Monday, July 31, 2017

Hippocratic Proctology?

Way too much medical-political news lately, from the taxation issues in Canada to the fiasco in the U.S. Senate. Thought I'd lighten the mood with some historical fiction. Ever wonder what teaching rounds might have looked like in the time of Hippocrates?

Author's note: the medical content (to the extent that it can be called medical at all), is derived from the Delphi Classics translation of the Hippocratic Corpus.

“Now this is something you won’t normally see on Kos,” said Hippocrates, motioning for his students to gather around the patient, lying naked and spread-eagle on a makeshift table of wood planks. “As I’ve discussed time and again, the diseases we treat derive from an imbalance of humors – phlegm, blood, black bile, yellow bile – brought on by changes in the air, in the water, what we eat and drink, or how much we exercise. Our job as physicians, as practitioners of the Art, is to understand these relationships and correct the imbalance – apply cold to the hot, moisture to the dry, and so on.

“Today we won’t worry about the cause of the patient’s condition, because we already know it. This morning’s lesson will be one from the surgical realm. We are going to go over the proper treatment of a fistula. It’s a channel that develops between diseased skin around the anus into the rectum. Has anyone seen a fistula before?” The five students shrugged in silence. “Okay. Has anyone seen saddle sore before?” Silence again. “Hmm. Well, I suppose it’s been decades since the war with the Achaemenids, so you just haven’t been exposed to battlefield medicine.

“Rowers and cavalrymen are by far the most likely to develop fistulae. The long hours on horseback or at sea cause a large volume of blood to pool around the anus, stretching and weakening the surrounding flesh – saddle sore, as a horseman might say. Nikomachos here is a rigger on a merchant ship that began its journey in Corcyra, in the Ionian Sea to the northwest of the mainland. The Mbatis wind wasn’t enough to propel the ship, so Nikomachos went from rigger to oarsman for a long stretch of the voyage. All that sitting and rowing weakened his anal flesh.  

“Once the flesh is weak and fragile, it only takes a slight injury – a fall, a sliver of wood – to create a pustule in the area. If your patient describes a pustule around the anus, or if you see one on exam, cut it open right away to let it drain. The last thing you want is the pustule to burst into the rectum and form a fistula. Unfortunately for Nikomachos, he didn’t notice the problem until too late. The fistula expanded to the point that he noticed the fetid smell from contamination with flatus and feces.”
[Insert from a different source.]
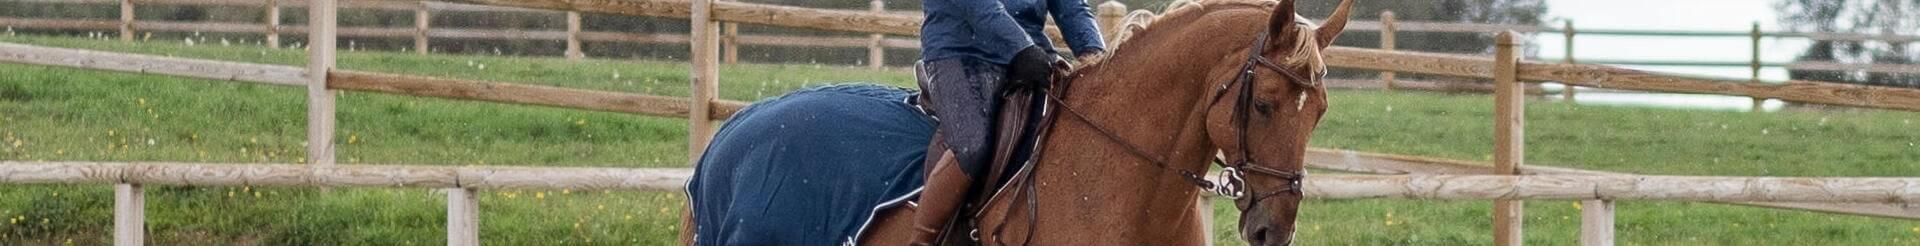 Horse Riding / Equestrian Sports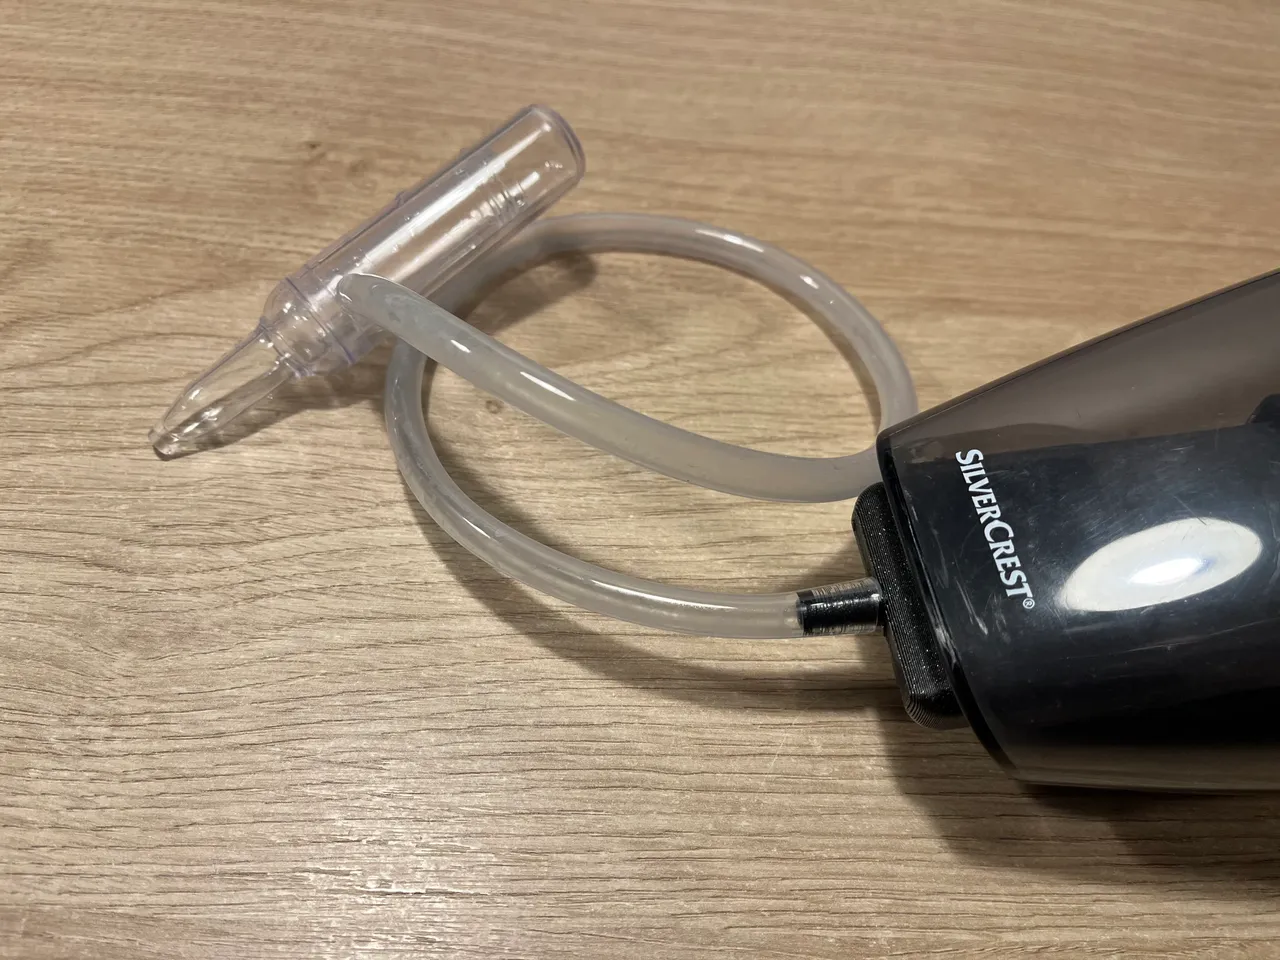 Nasal aspirator with vacuum cleaner adapter

And smell fetid it did, even in the open-air colonnade with a mid-morning breeze. Hippocrates had made a habit of mouth-breathing as much as possible around the sick, but his students had yet to discover the best ways of avoiding foul odors. One youth looked absolutely peaked, another ashen and on the brink of passing out. Hippocrates signaled the most senior student to take the poor juniors aside to regain their composure. “Gods! Is that what minotaur shit would smell like?!?” moaned the more alert of the two.

Hippocrates held up a garlic bulb. “The first step in the care of a fistula is measurement of its depth.” He stuffed the garlic in the opening by the patient’s anus, pushed it as deep as it would go, then plucked it out and held it up once more. A third student reeled from the blast of fetid air. “You can see by the fecal staining how big of a plug we’ll need to help the area heal.” He handed the garlic to a temple servant with directions to cut a patch of cotton. “We’ve already given Nikomachos some medication beforehand. He’s had three drinking cups of – can anyone recall the elixir?”

“Powdered fennel root, steeped for three days?” said the senior student.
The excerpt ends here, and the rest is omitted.